The present study analyzed the correlations between each module and clinical traits, including pathological TNM stage and survival information. In the modules, the pale turquoise module was positively and the light yellow, light green, royal blue, red, light cyan modules were negatively correlated with pathological TNM stage, whereas the light green module was positively and the violet, dark red, pink, yellow green, white, orange red modules were negatively correlated with survival time. P<0.05 in the Spearman's correlation tests was considered statistically significant (Fig. 2Ba and b).

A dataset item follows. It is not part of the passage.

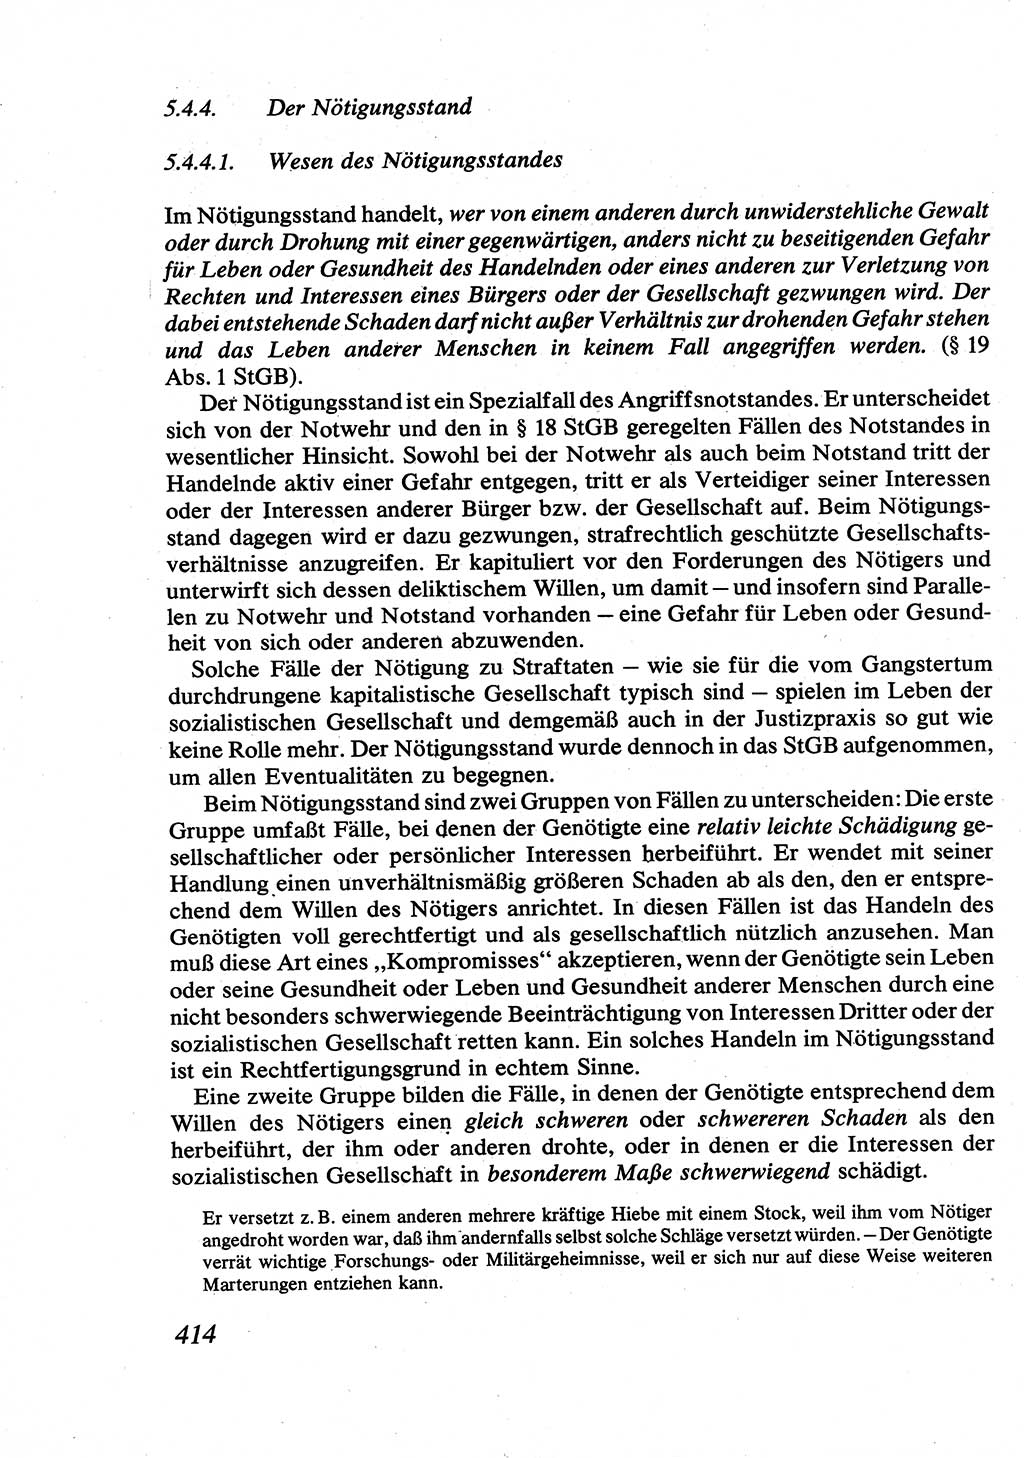 Strafrecht [Deutsche Demokratische Republik (DDR)], Allgemeiner Teil, Lehrbuch 1976, Seite 414 (Strafr. DDR AT Lb. 1976, S. 414)

The dark red module was further analyzed, and it was revealed to have the strongest negative correlation with survival time (Spearman's correlation-0.33; P<0.01), but was not considered significantly correlated with pathological TNM stage (Spearman's correlation 0.18; P=0.05). Therefore, it was possible to detect prognostic factors independent of staging in the dark red module. A total of 20 genes with >20 associations were defined as hub genes in the dark red module, including C5AR2, MUCL1, MME, KRT16, S100A12, ACKR3, SYDE1, CDK5RAP2, DIO2, SOWAHC, COA6, PTGR1, OPN3, GALNT2, FAM83A, RSPO3, ZC3H12A, KRT6A, CD36 and KYNU. The gene network of the dark red module was visualized using Cytoscape (Fig. 3).

Functional characterization of genes in the dark red module

In order to investigate the functional significance of the identified genes in the dark red module, 113 genes were subjected to GO term and KEGG pathway enrichment analyses. Among the genes most negatively correlated with survival time, ‘multicellular organismal homeostasis’ (logP, −15.2), ‘adenylate cyclase activating pathway’ (logP, −15.1) and ‘fatty acid metabolism’ (logP, −14.8) were also the most significantly enriched genes in the GO term and KEGG pathway enrichment analyses (Fig. 4).

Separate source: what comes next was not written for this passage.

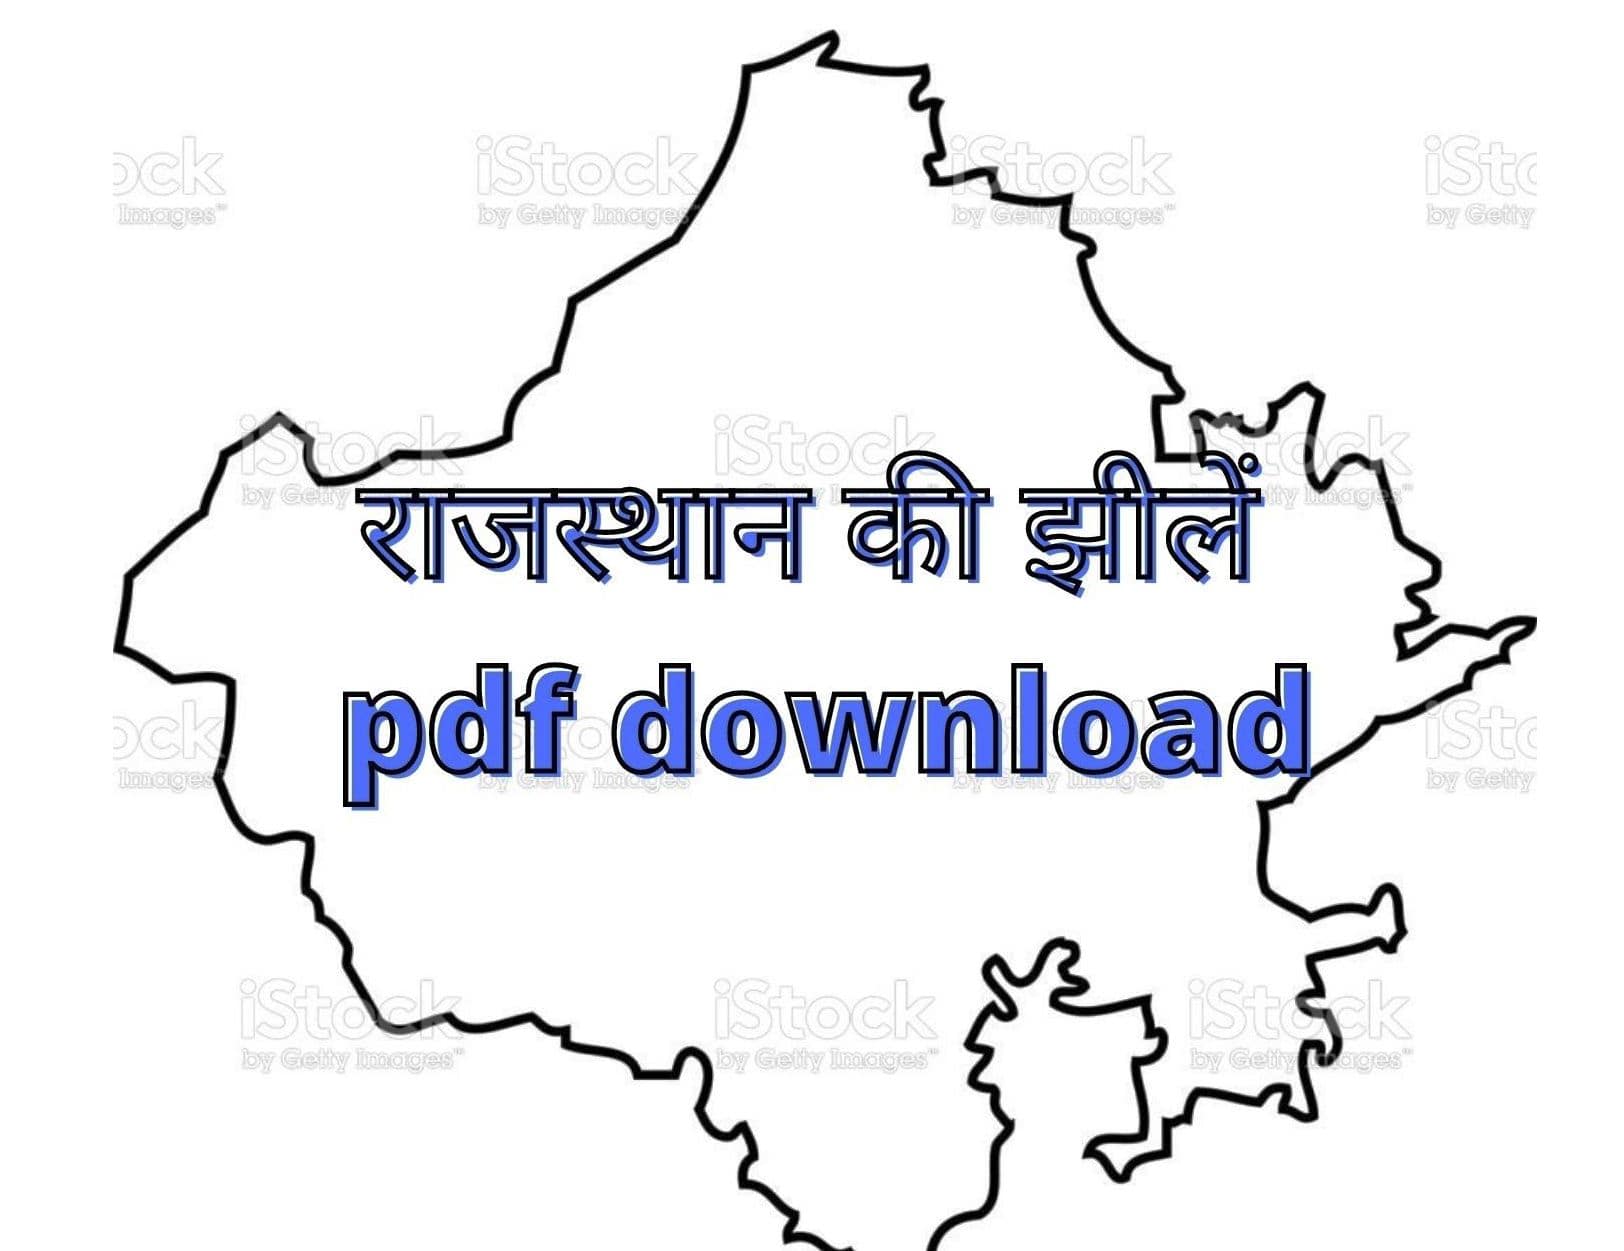 राजस्थान की झीलें pdf download

Prognostic signature construction via LASSO Cox regression model using the training set

The LASSO Cox regression model was constructed using the glmnet package in R by utilizing several hub genes in the dark red module. Based on the 10-fold cross-validation, the value 0.087 was chosen as the minimum criteria for λ. At the λ parameter, the total absolute of non-zero coefficients was 0.0214 and there were four genes (OPN3, GALNT2, FAM83A and KYNU) obtained with non-zero coefficients (Fig. 5A and B). Based on the genes with non-zero coefficients, the risk score of every patient was calculated according to the linear combination of each gene expression multiplied by the LASSO coefficients: (0.0004 × OPN3) + (0.0042 × GALNT2) + (0.0055 × FAM83A) + (0.0077 × KYNU).

Survival analysis

ROC curves were used to assess the prognostic power based on OS at 3 years (Fig. 6A). The cut-off risk score was determined to be 0.216. Patients in the high-risk group had significantly poorer OS time than those in the low-risk group. The mean OS time was 44.6 months [95% confidence interval (CI), 35.9–53.3] in the high-risk group and 95.0 months (95% CI, 73.2–116.9) in the low-risk group (P<0.001; Fig. 6B).

The results were similar for the validation set. The mean OS time was 48.4 months (95% CI, 35.0–61.7) in the high-risk group and 93.2 months (95% CI, 71.7–114.6) in the low-risk group (P=0.016; Fig. 6C).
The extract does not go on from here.